E. coli NusG inhibits backtracking and accelerates pause-free transcription by promoting forward translocation of RNA polymerase

Abstract

NusG is an essential transcription factor in Escherichia coli that is capable of increasing the overall rate of transcription. Transcript elongation by RNA polymerase (RNAP) is frequently interrupted by pauses of varying durations, and NusG is known to decrease the occupancy of at least some paused states. However, it has not been established whether NusG enhances transcription chiefly by (1) increasing the rate of elongation between pauses, (2) reducing the lifetimes of pauses, or (3) reducing the rate of entry into paused states. Here, we studied transcription by single molecules of RNAP under various conditions of ribonucleoside triphosphate concentration, applied load, and temperature, using an optical trapping assay capable of distinguishing pauses as brief as 1 s. We found that NusG increases the rate of elongation, that is, the pause-free velocity along the template. Because pauses are off-pathway states that compete with elongation, we observed a concomitant decrease in the rate of entry into short-lifetime, paused states. The effects on short pauses and elongation were comparatively modest, however. More dramatic was the effect of NusG on suppressing entry into long-lifetime ("stabilized") pauses.
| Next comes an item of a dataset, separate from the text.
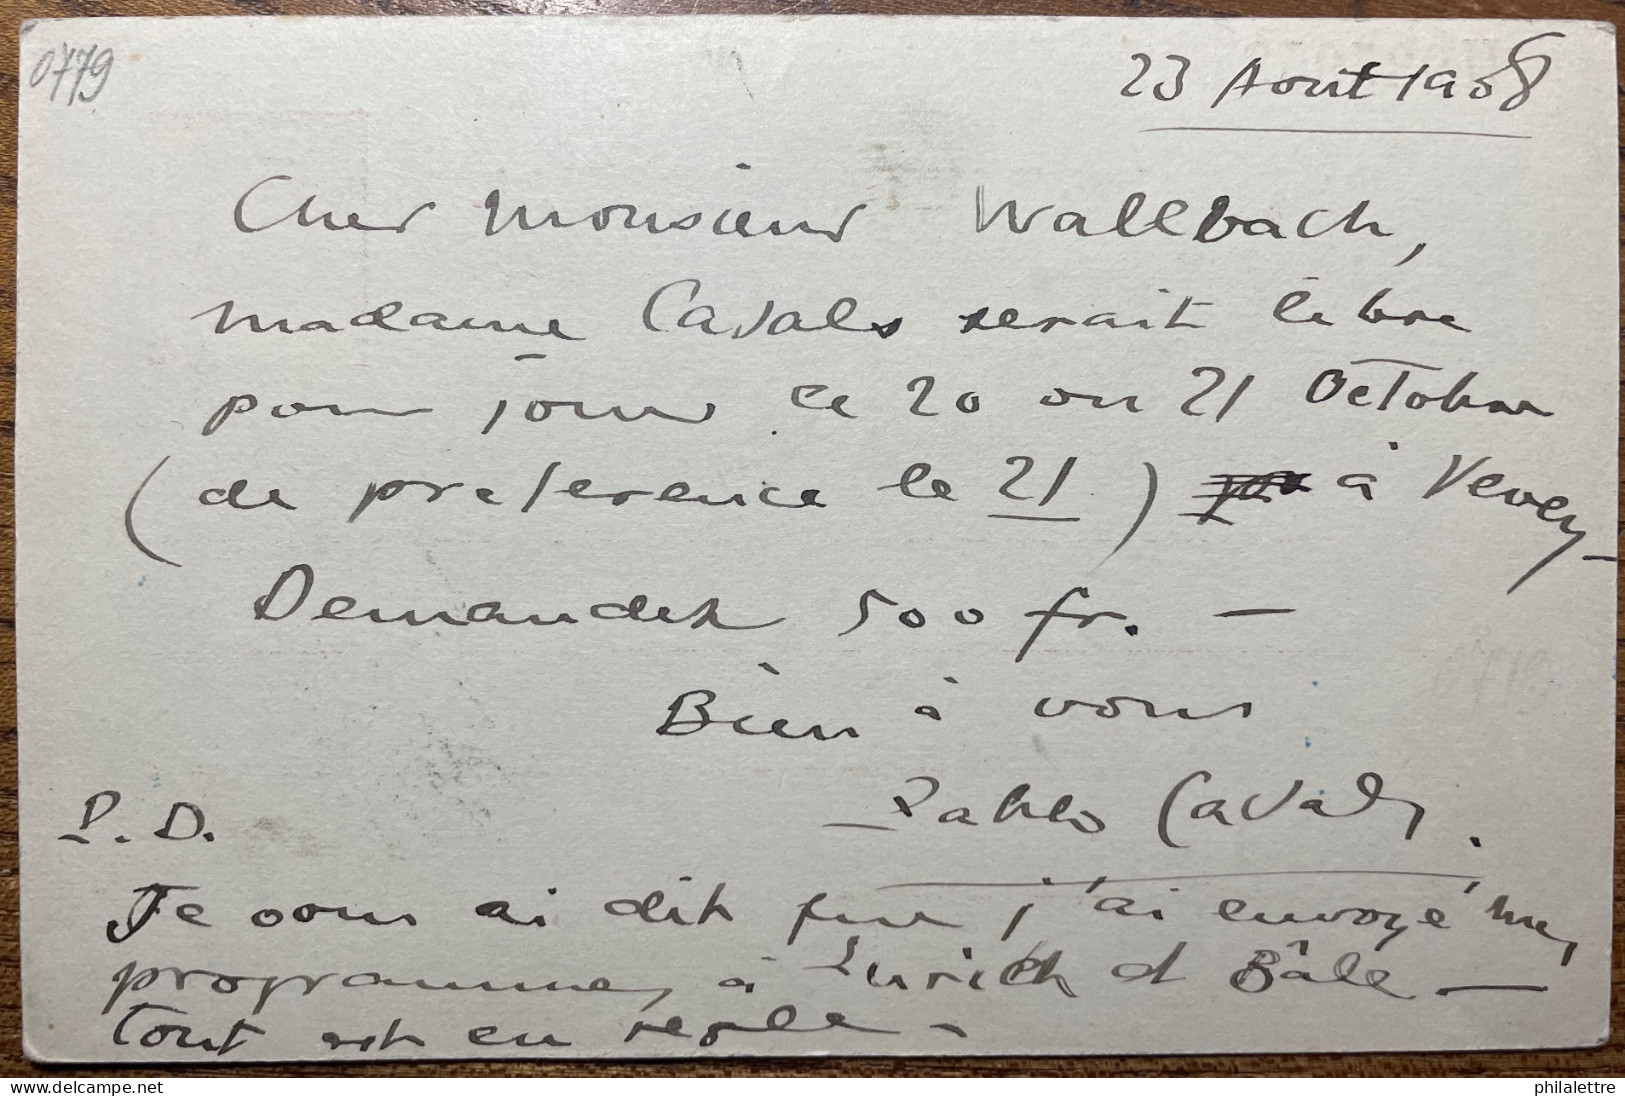 PABLO (PAU) CASALS (1876-1973) Signed 1908 Postal Card From VENDRELL With Autograph Text Addressed To Switzerland - Sänger Und Musiker

Because a significant fraction of the time required for the transcription of a typical gene may be occupied by long pauses, NusG is capable of exerting a significant modulatory effect on the rates of RNA synthesis. The observed properties of NusG were consistent with a unified model where the function of this accessory factor is to promote transcriptionally downstream motion of the enzyme along the DNA template, which has the effect of forward-biasing RNAP from the pre-translocated state toward the post-translocated state.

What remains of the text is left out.